THERE ARE NO FORESTS IN THE DESERT!

HeRe ThErE Is

Back to story

Reki2Duper2: _:sees pie:_ Bluperfarthalph**Want**kluper**pie**nuggtin! _:speeds up and tries to eat pie. Pie splatters in face. Our hero has forgotten he is allergic to bananas. This is no ordinary pie. IT'S BANANA CREAM PIE:_ wheez**cough**slig! _:our hero faints:_

Zefie: Ohhh! Limited edition silver plated Reki2Duper2! This Is my lucky day! _:By the way, Zefie got here fast because of the convertible: _Oh yes, it's a mustang! _:Drags Reki2Duper2 into convertible and drives off into sunset:_

SHE DRIVES OFF?

Is ShE eVeN oLd EnOuGh To DrIvE?

I GUESS SO

No, she stole the car and is joyriding.

GASP!

DoUbLe GaSp

Back To Story!

_:In a little rabbit hole, is a duplex where Shugo Lives:_

Shugo: _:wakes to his Aunts manly voice:_

Aunt Orca: Vake up mien little cupcake.

Shugo: O.o? _:surprised look:_ Aunt! You have a beard!

Aunt Orca: Ach, Iz forget to shave mien little chin!

Shugo: _:annoyed look. Thinking 'I wouldn't quiet call it little….':_

Uncle Kite: _:walks in:_ Our Droid shipment is coming in today.

Aunt Orca: _:leaps for joy and hugs Uncle Kite:_ I go make pie. pie for zelebration!

Shugo: _:thinking 'just don't make it hairy this time':_

Aunt Orca :_looks out window:_ Vere zeh come to keel us all!

Uncle Kite: We don't die till this afternoon dear. That's the Zefies. The CC corporation is supposed to kill us.

Aunt Orca: Ach, okay. _:skips to kitchen gaily:_

Shugo:_ :thinking 'what a bunch of morons. I wonder if Balmung will trade me parts.':_

HAIRY PIE?

GrOsS

I FEEL SO SORRY FOR SHUGO

I fEeL sOrRy FoR mE

WHY?

I hAvE tO dEaL wItH yOu

SHADDUP

(Another slapping fight)

Wow, it's like watching sissy ninjas.

SHADDUP

ShAdDuP!

(both attack the narrator)

i'll take over.

back to story

Zefie: _:convertible pulls up:_

Shugo: _:runs out to greet them but trips on a rock and falls flat on his face:_ SON OF A &!#! gets up I'm okay!

Uncle Kite: _:comes out: _What did you say!

Shugo: _:scared look:_ I have an itch?

Uncle Kite: Okay. _:shrugs and goes up to the convertible:_

Shugo: _:sigh of relief. Follows uncle Kite to convertible:_

Zefie: IT'S A MUSTANG!

Shugo, Uncle Kite and 4 narrorators: FINE!

GrUmPy WuSs

YEAH

Back to story

Zefie: I'll sell you these special edition droids, if you beat me at poker.

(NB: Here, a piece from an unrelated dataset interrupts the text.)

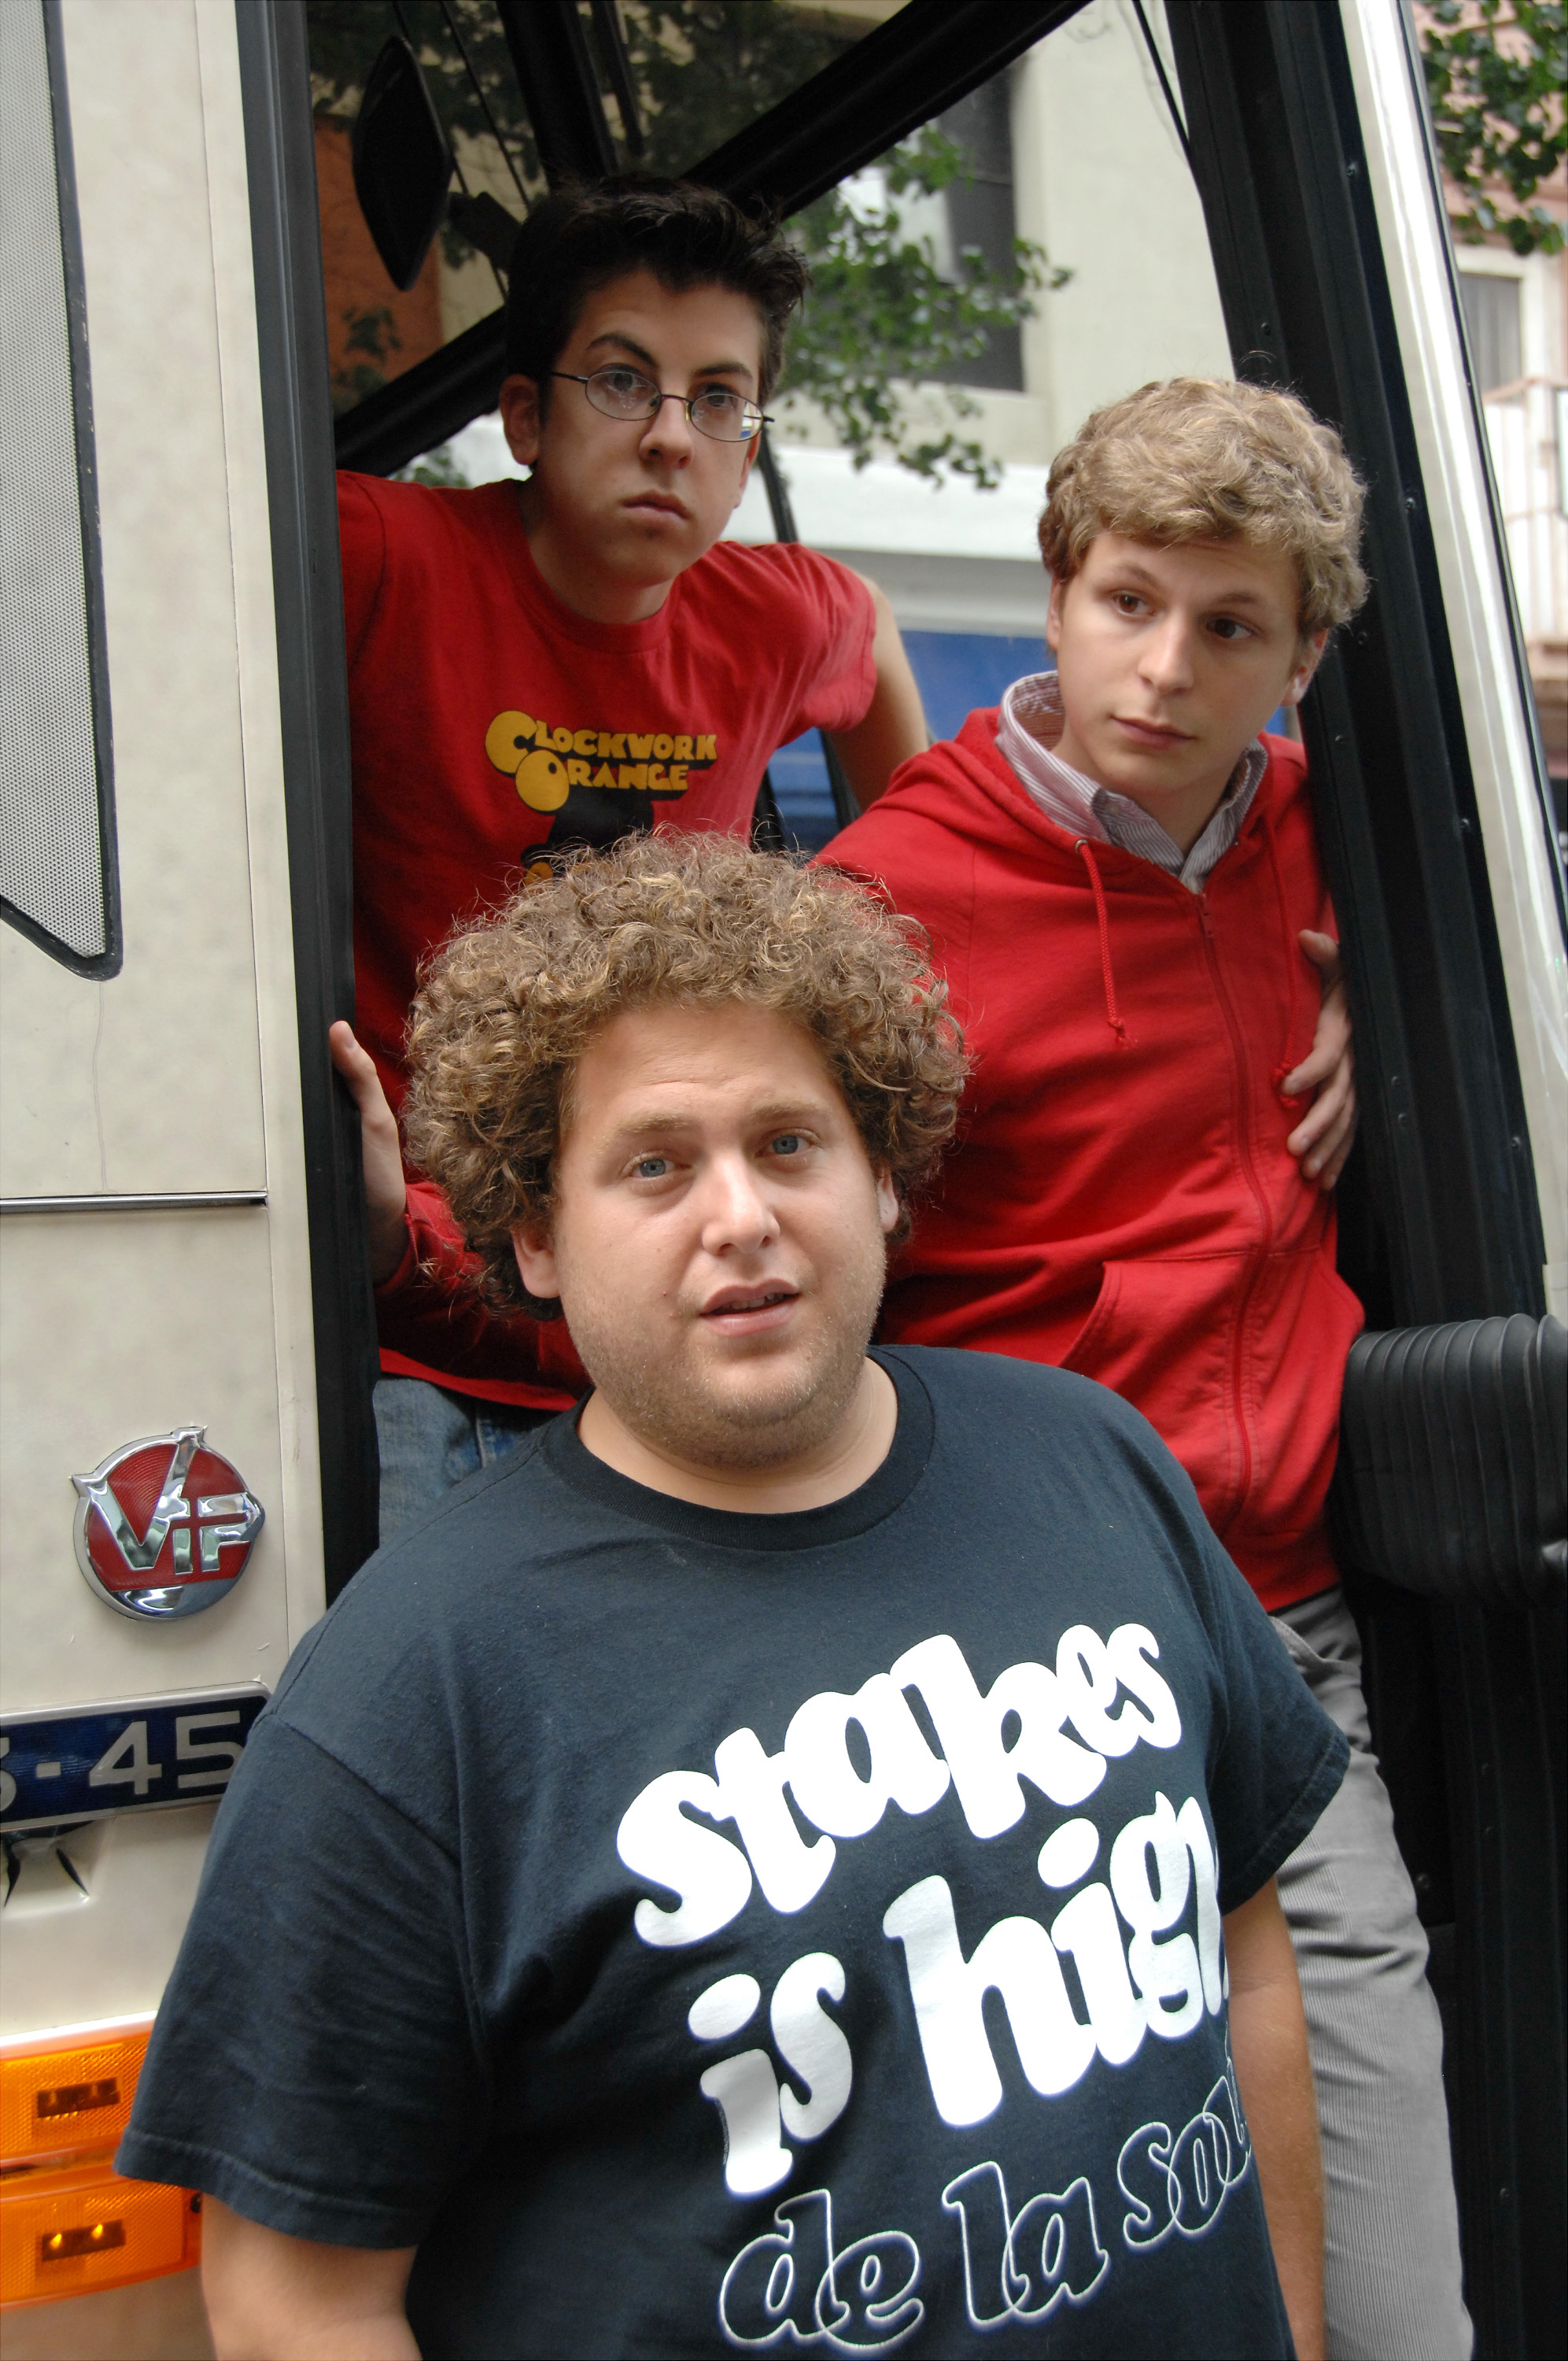 Christopher Mintz-Plasse, Michael Cera and Jonah Hill (clockwise from top) are pictured as they walk out of a studio bus in front of Bowlmor Lanes where they're promoting their new movie "Superbad" on August 27, 2007 | Source: Getty Images

Uncle Kite: No problem. _:whips out his cheating card deck:_ Let's play.

HOUR LATER

60 mInUtEs LaTeR

how ever many seconds later

What Ever.

BACK TO STORY

Zefie: ILOST! YOU BEAT ME! _:shrugs:_ Okay, here you go. _:hands over droids:_

Shugo: _:picks up Reki2Duper2 with ease:_

Uncle Kite: _:tries to pick up MireillePOP:_ GOD ! This droids HEAVY! We should put it on a diet!

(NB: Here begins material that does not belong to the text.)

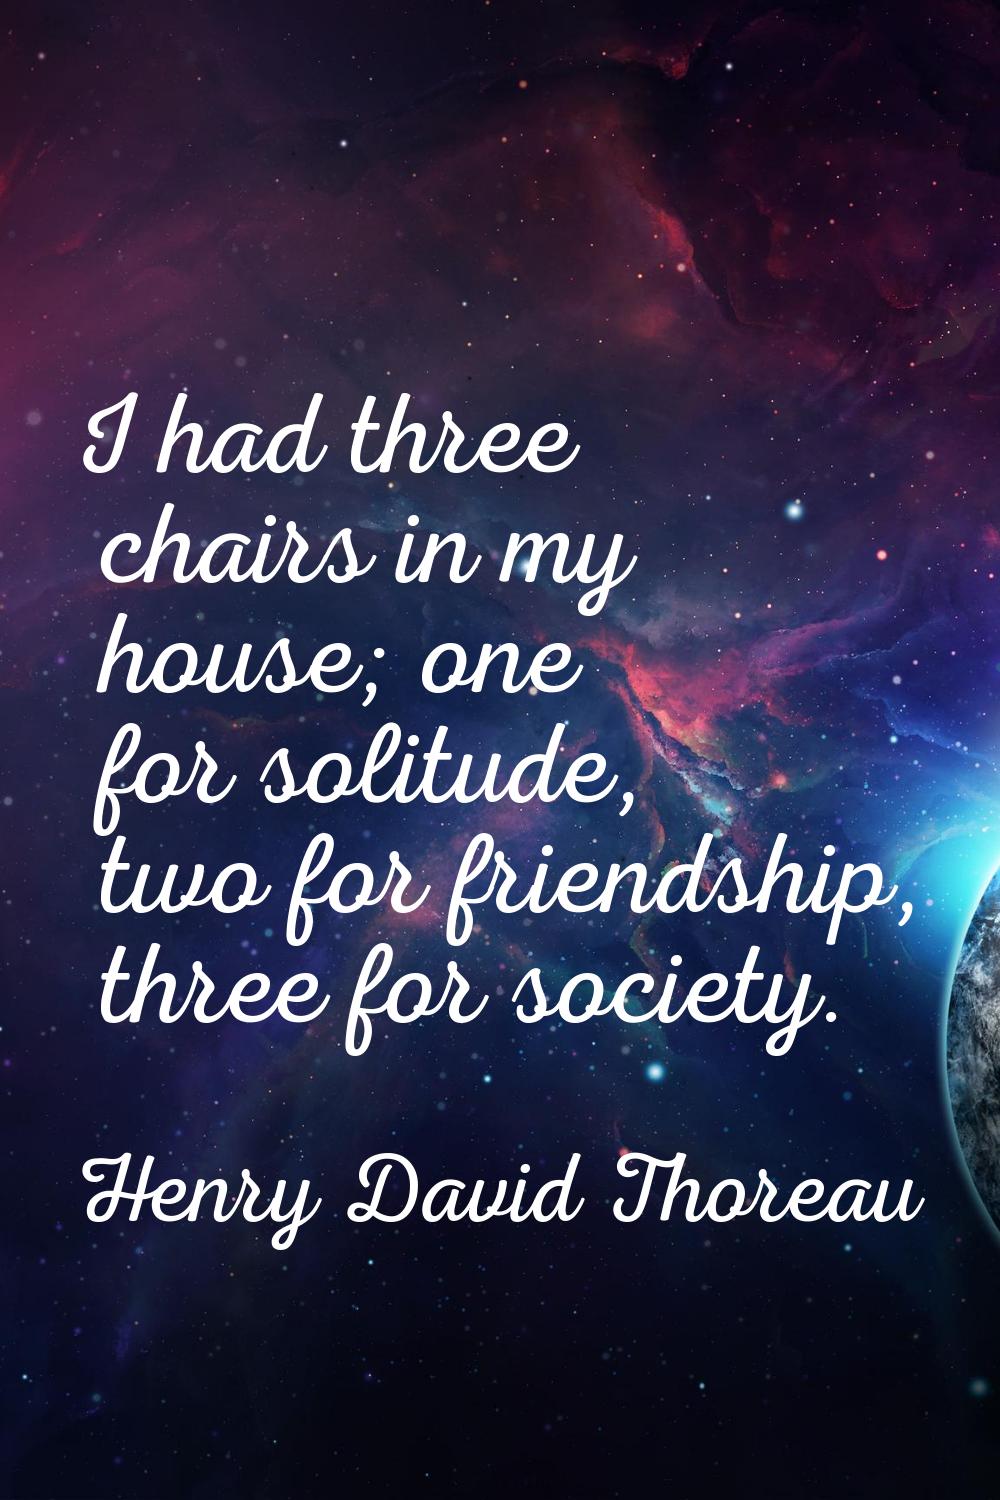 I had three chairs in my house; one for solitude, two for friendship, three for society.

Zefie: That's what I said. Well, good luck! _:speeds off in her stolen conver-- uhhh….. Mustang:_

Uncle Kite: Shugo! Help me!

Shugo: With what old man?

Uncle Kite: Shugo! Help me!

Shugo: With WHAT!

Uncle Kite: Shugo! Hel-- _:picks up: _cell Oh, that's my ringer. Your auntie Orca is calling.

Shugo: o.o…..

Uncle Kite: Help me with this droid! Or your grounded for a month!

Shugo: But you die this afternoon!

Uncle Kite: Oh, yeah, well your grounded till then!

Shugo: NOOOOOOOOOOOOOOOOOOOO:takes droids and runs away:

Uncle Kite: How'd he do that? Wait…. _:realizes something:_ No! Shugo, come baaaaaaaackkkkkkkk! Your aunt is making pie! You gotta eat it before we die!

Shugo: NEVER! _:still running:_

Uncle Kite: NOOOOOOOOOOOOOOOOOOOO! _:shrugs:_ Well no use crying over it. Time to eat. Honey! The CC corp. is here to kill us! Get ready! And bring me a slice of pie woman! And some for our murderers.

Aunt Orca: Ach, okie dokie!

Uncle Kite: _:meets up with Darth Magi_: Say, how 'bout we eat some pie, listen to some disco music and then you kill us.

Darth Magi: Okay. Sounds great.

SoMeWhErE eLsE

FAR, AWAY

Just shut up!

back to story

Shugo: _:sitting on a rock:_ I'm bored. _:looks over at MireillePOP:_ Hey, lets go spy on some little doggies!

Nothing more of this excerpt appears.